The processes listed above for conducting the conversion of hydrocarbons in tube furnaces have already almost reached their maximum productivity in the highly profitable production of lower olefins. This is due to the fact that industrial reactors are large and metal-intensive, and the production of olefins is carried out with high consumption rates of hydrocarbon feedstock. To sharply increase the profitability of such industries, high-speed high-temperature reactors for homogeneous pyrolysis of hydrocarbons should be used. In them, the processes of heating of raw materials and pyrolysis reactions are carried out directly in the reaction zone with rapid quenching of the reaction products at the exit from the reaction zone. The volume of the reactor, and its metal consumption and coolant consumption are reduced severalfold, while the conversion of hydrocarbons to olefins is increased. Such regimes of reactor operation ensure high profitability of the production.

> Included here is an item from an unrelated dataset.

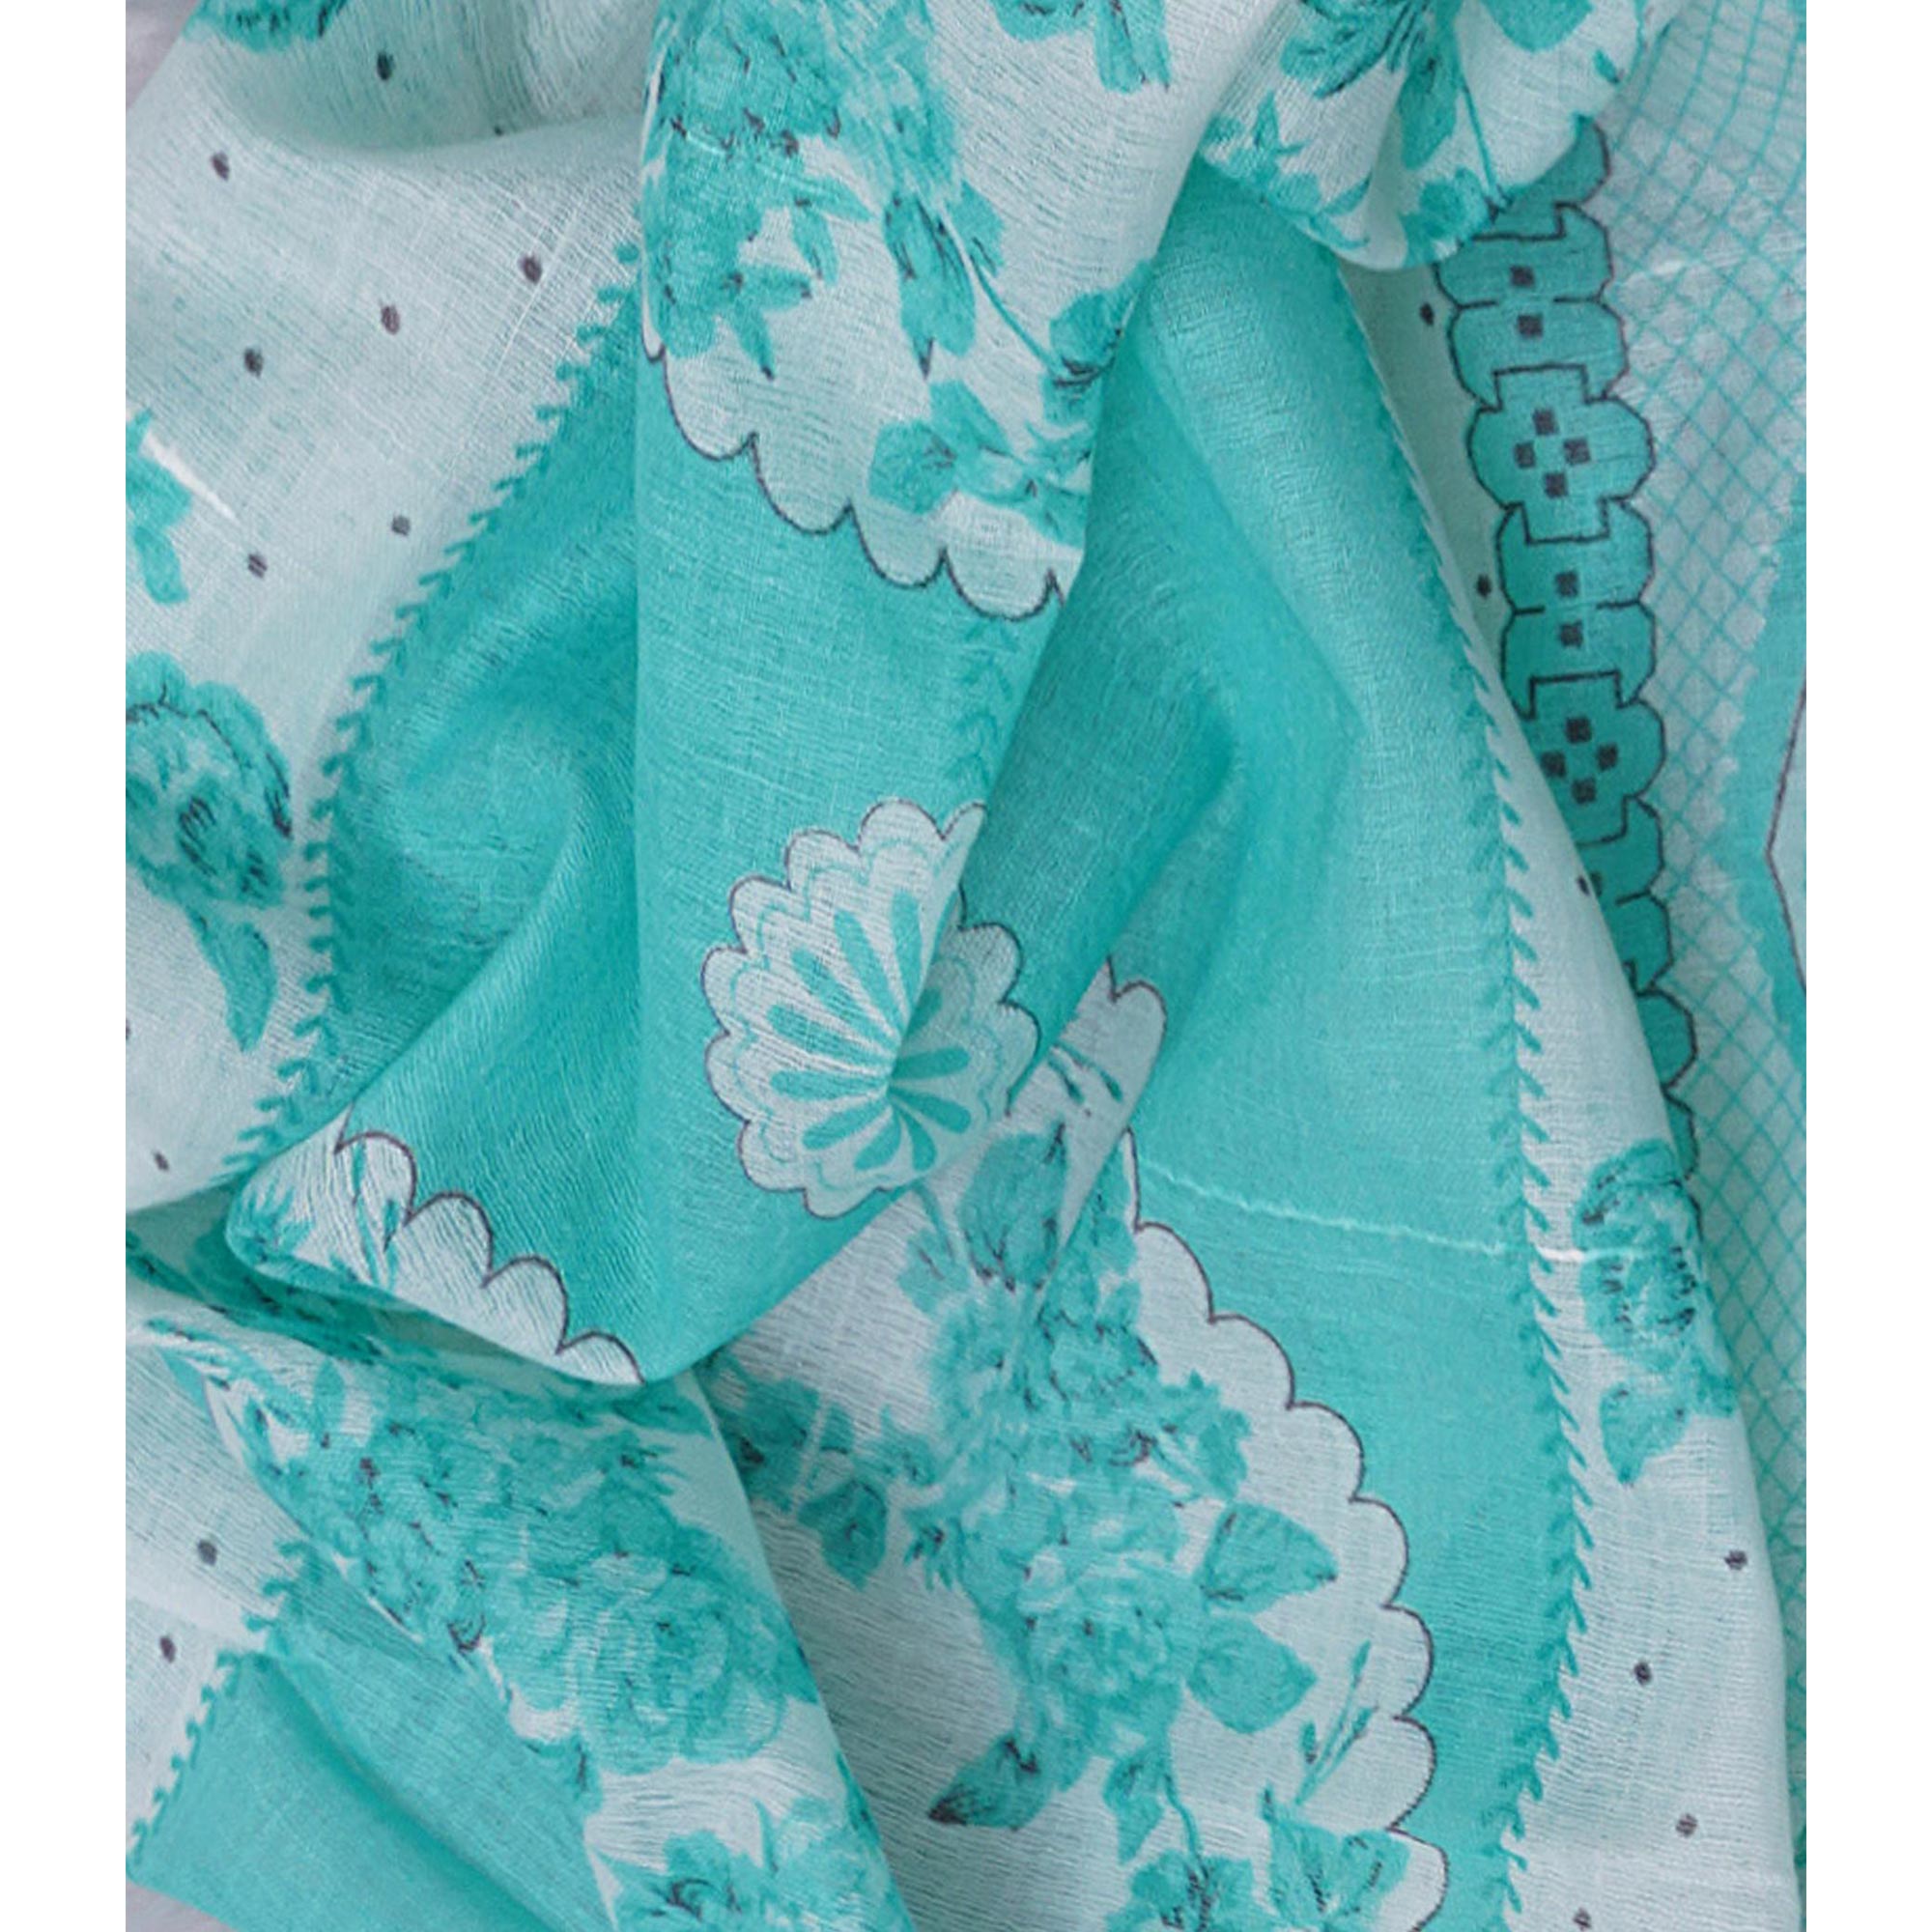 Turquoise Printed With Gota Patti Work Cotton Blend Dress Material

Methanol-based MTO and coal-based CTO processes are also efficient and highly cost-effective alternatives for the production of olefins. Also technologies have been developed for the production of olefins by oxidative condensation of methane (OCM), the Fischer–Tropsch process (FTO), etc.

The main catalysts used in industrial processes for the synthesis of olefins have been analyzed, and their production characteristics and main properties have been determined.

It follows from the above review that no apparent problems should be expected in the production of lower olefins in the next 20–25 years. It is only necessary to carry out work to increase the profitability of the existing industries.

It should be noted that domestic modified zeolites Pt–Cu–Zn–Na/MFI [193], Pt–Sn–Na/MFI [194] are promising catalysts for the dehydrogenation of light alkanes to olefins and can be recommended for industrial use. A method for the synthesis of such catalytic systems has been developed [193–195]. A new strategy is proposed for dispersing catalytically active metals, such as Pt on MFI supports, which makes it possible to obtain more stable and active catalysts for the dehydrogenation of light alkanes. The developed method of impregnation–calcinations–washing (ICW) can be applied to various modifier metals and supports, and improves the traditional wet impregnation (IWI) method [195]. The advantage of the developed method is that it makes it possible to uniformly distribute modifier metal nanoparticles on a support and can be used not only to obtain catalysts for the dehydrogenation of light alkanes, but also catalysts for the MTO reaction, the production of dimethyl ether, the isomerization, and many other industrially important processes.